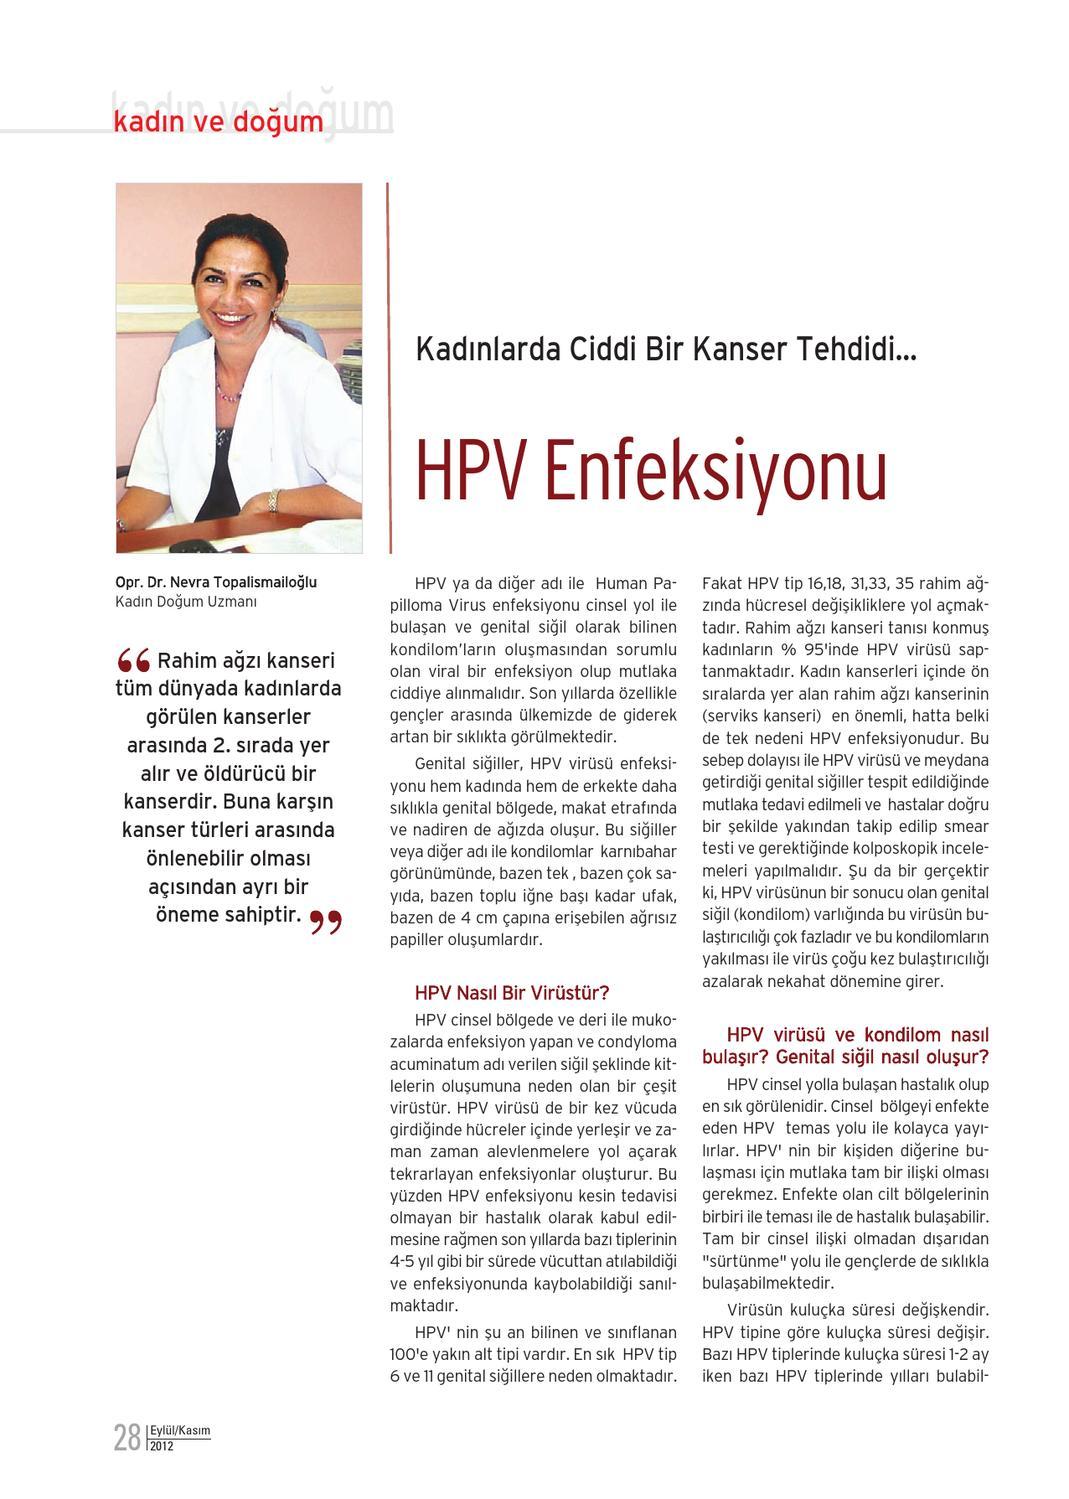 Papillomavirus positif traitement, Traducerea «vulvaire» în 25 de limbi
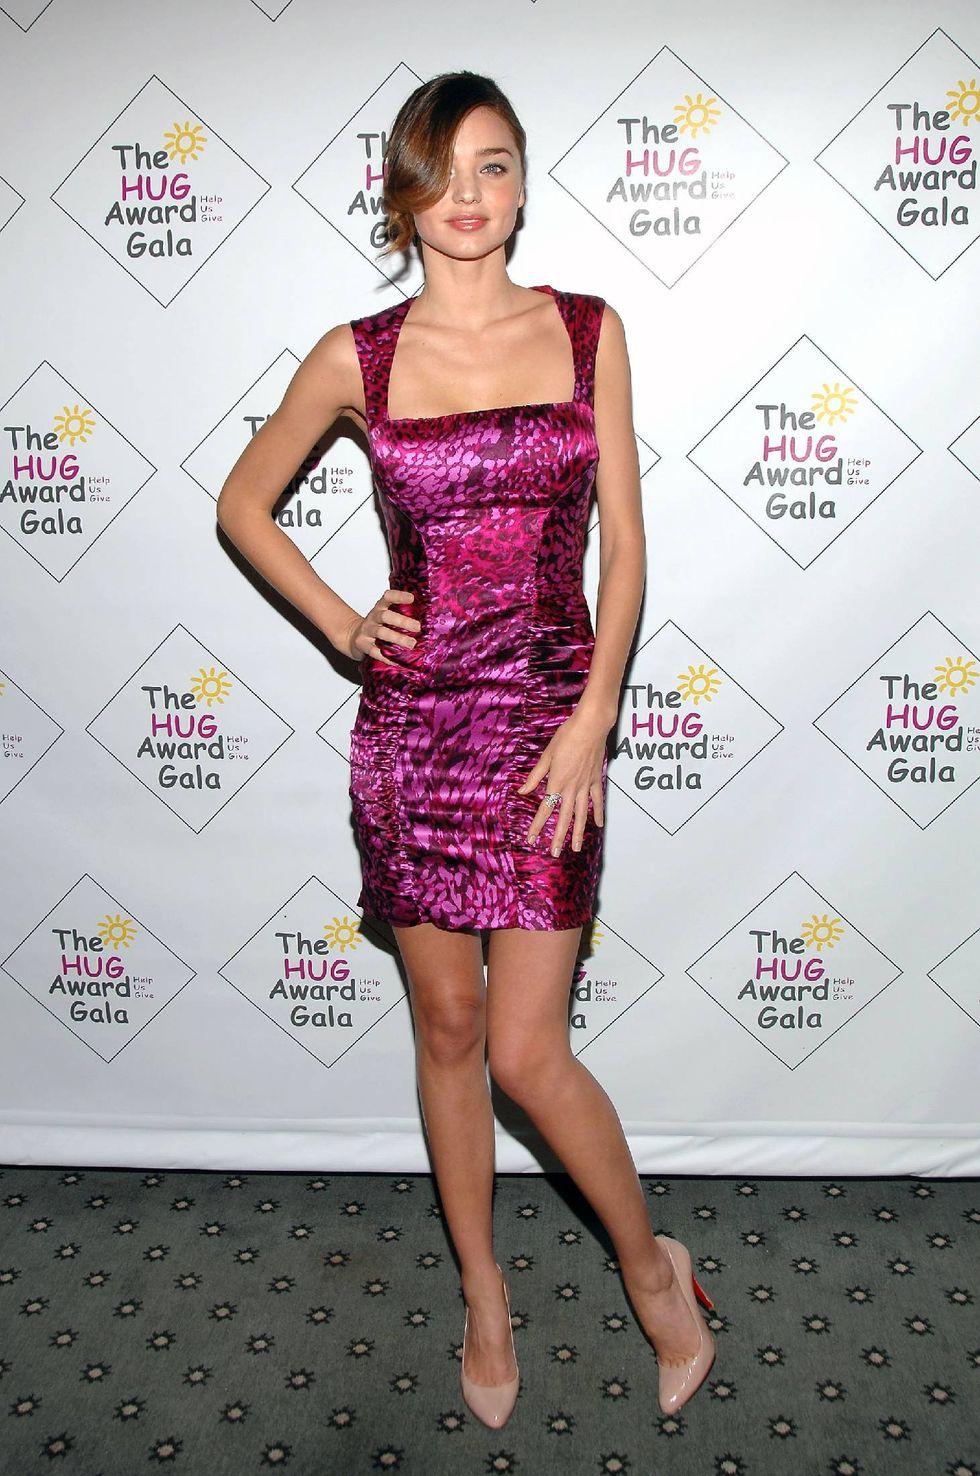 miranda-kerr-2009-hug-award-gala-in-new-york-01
==
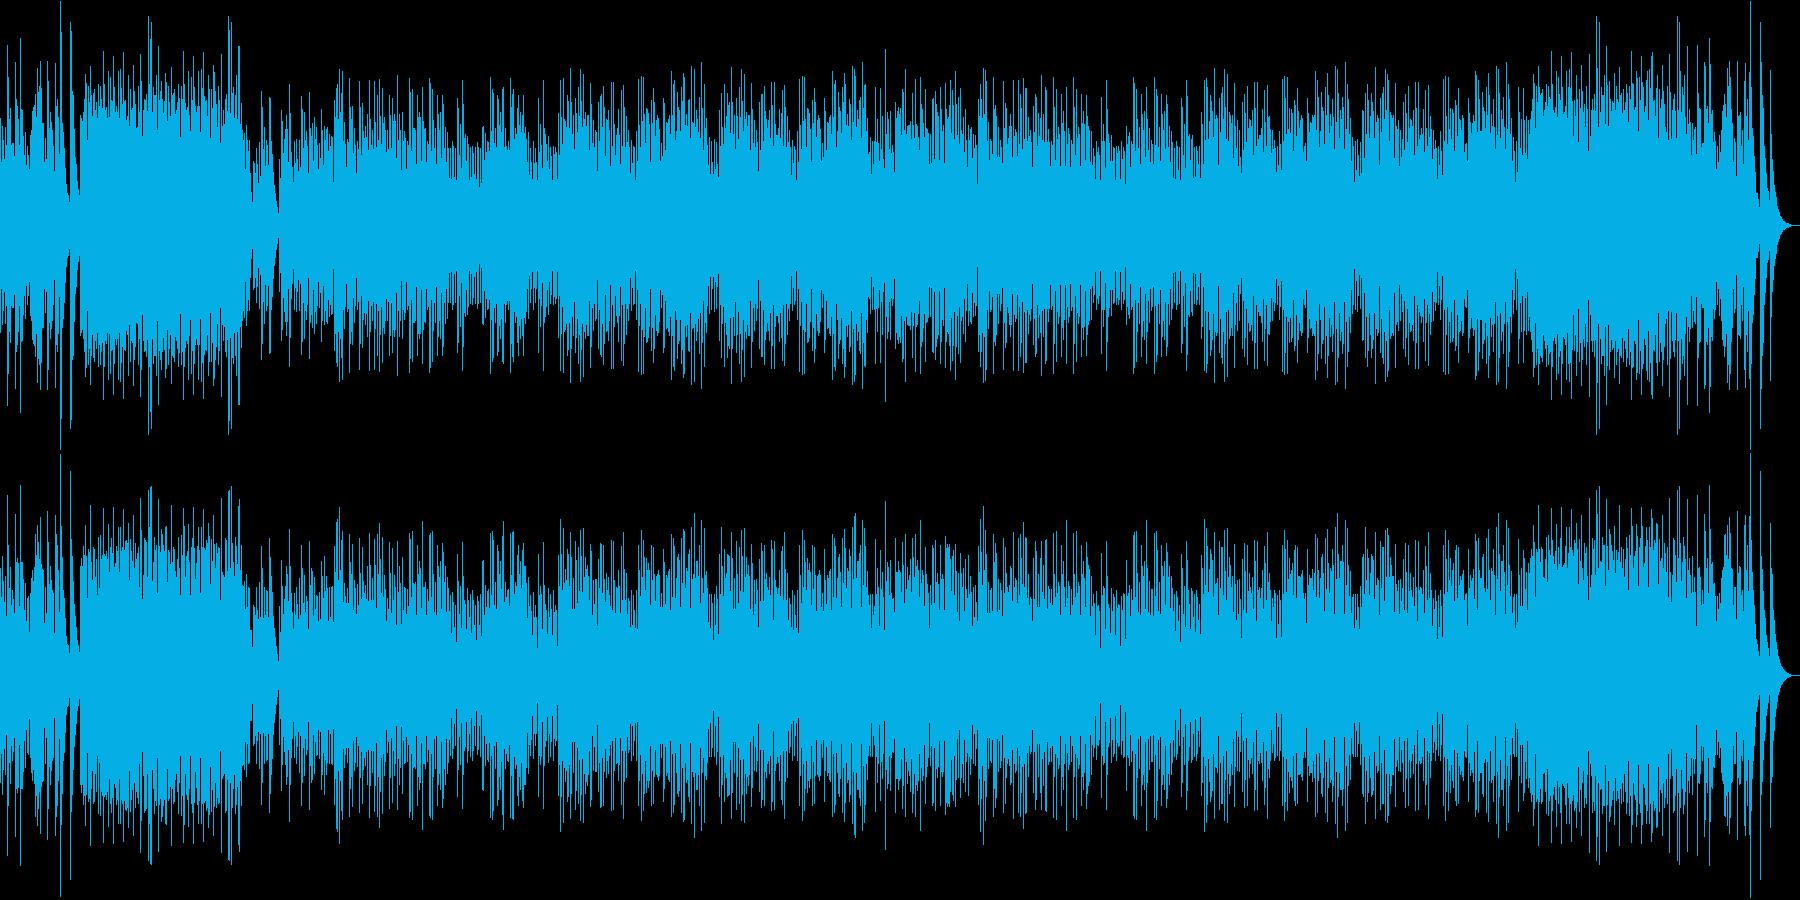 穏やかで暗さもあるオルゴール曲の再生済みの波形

WHAT YOU WILL DO – In the records above, copy exactly everything from the line that has "Papillomavirus positif traitement, Traducerea" down to the line that has "miranda-kerr-2009-hug-award-gala-in-new-york-01", both ends included, and leave out the pictures.

ANSWER –
 Papillomavirus positif traitement, Traducerea «vulvaire» în 25 de limbi
 miranda-kerr-2009-hug-award-gala-in-new-york-01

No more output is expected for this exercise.